110 Iowa L. Rev. 1203 (2025)
Abstract
A heap of criminals is not a conspiracy any more than a pile of bricks is a house, yet every day in court, prosecutors elevate the stakes in prosecutions and plea bargaining by charging defendants who commit crimes in groups with conspiracy. The crime may be as disorganized as the impulsive decision to rob a convenience store, but if the prosecutor can show that more than one person participated in the crime, she can add a conspiracy charge. The premise of the Article is that this is wrong and that conspiracy charges should be reserved for cases where there is an agreement to commit a crime followed by substantial planning and plotting to carry out the crime. Only in these cases do the defendants’ actions pose a special danger and deserve to be called a conspiracy.

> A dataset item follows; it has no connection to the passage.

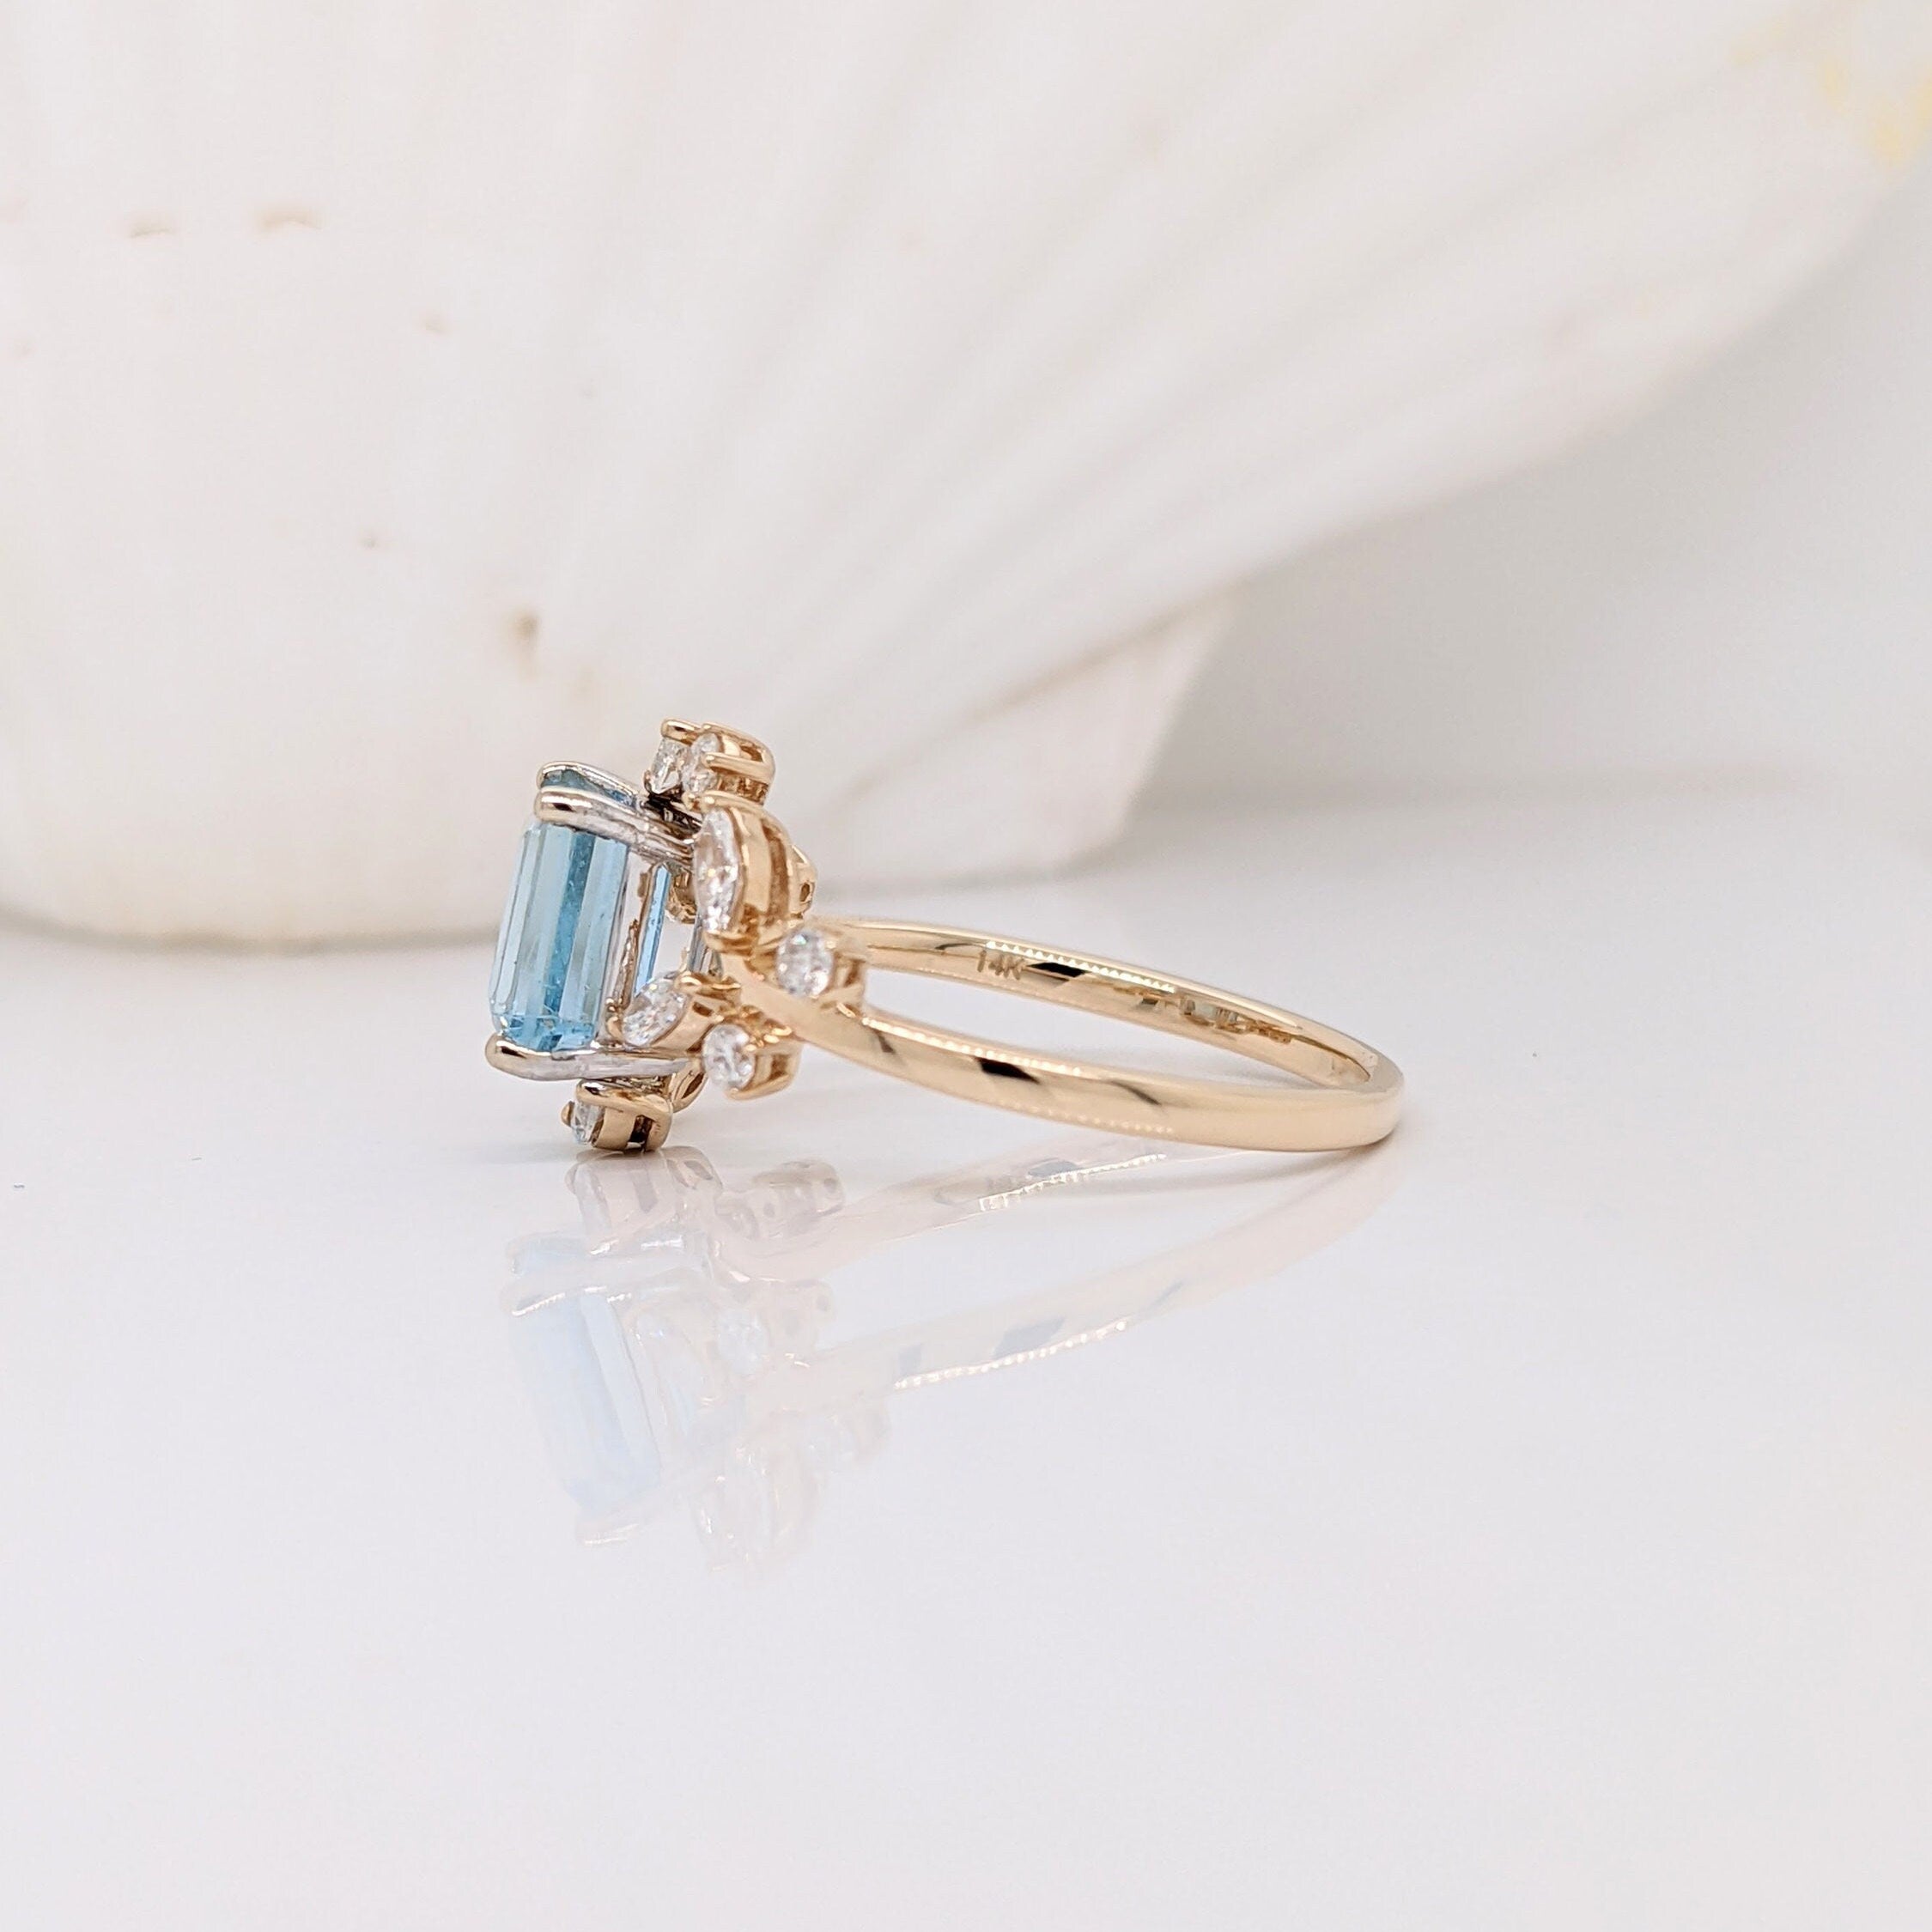 Santa Maria Aquamarine Ring in Solid 14K Yellow Gold with Natural Diamond Accents | Emerald Cut 7x5mm | March Birthstone | Engagement Ring

My solution is to add a substantial planning and organization requirement to the definition of conspiracy. The Article shows various factors that can be used to instruct juries on whether the requirement has been met. Courts can ask whether the alleged conspiracy featured a pattern of criminal activity, a division of labor, hierarchy, and institutionalization; they can probe whether there was overt planning (a meeting or Slack channel), a lapse in time between the alleged agreement and the execution of the crime, and whether the target of the conspiracy was a sufficiently complicated crime to require planning and organization to execute it.
In the course of the Article, I argue that doctrinal scholarship has an important role to play in the effort for criminal justice reform because it can appeal to those in power who do not support criminal justice reform for humanitarian or egalitarian reasons.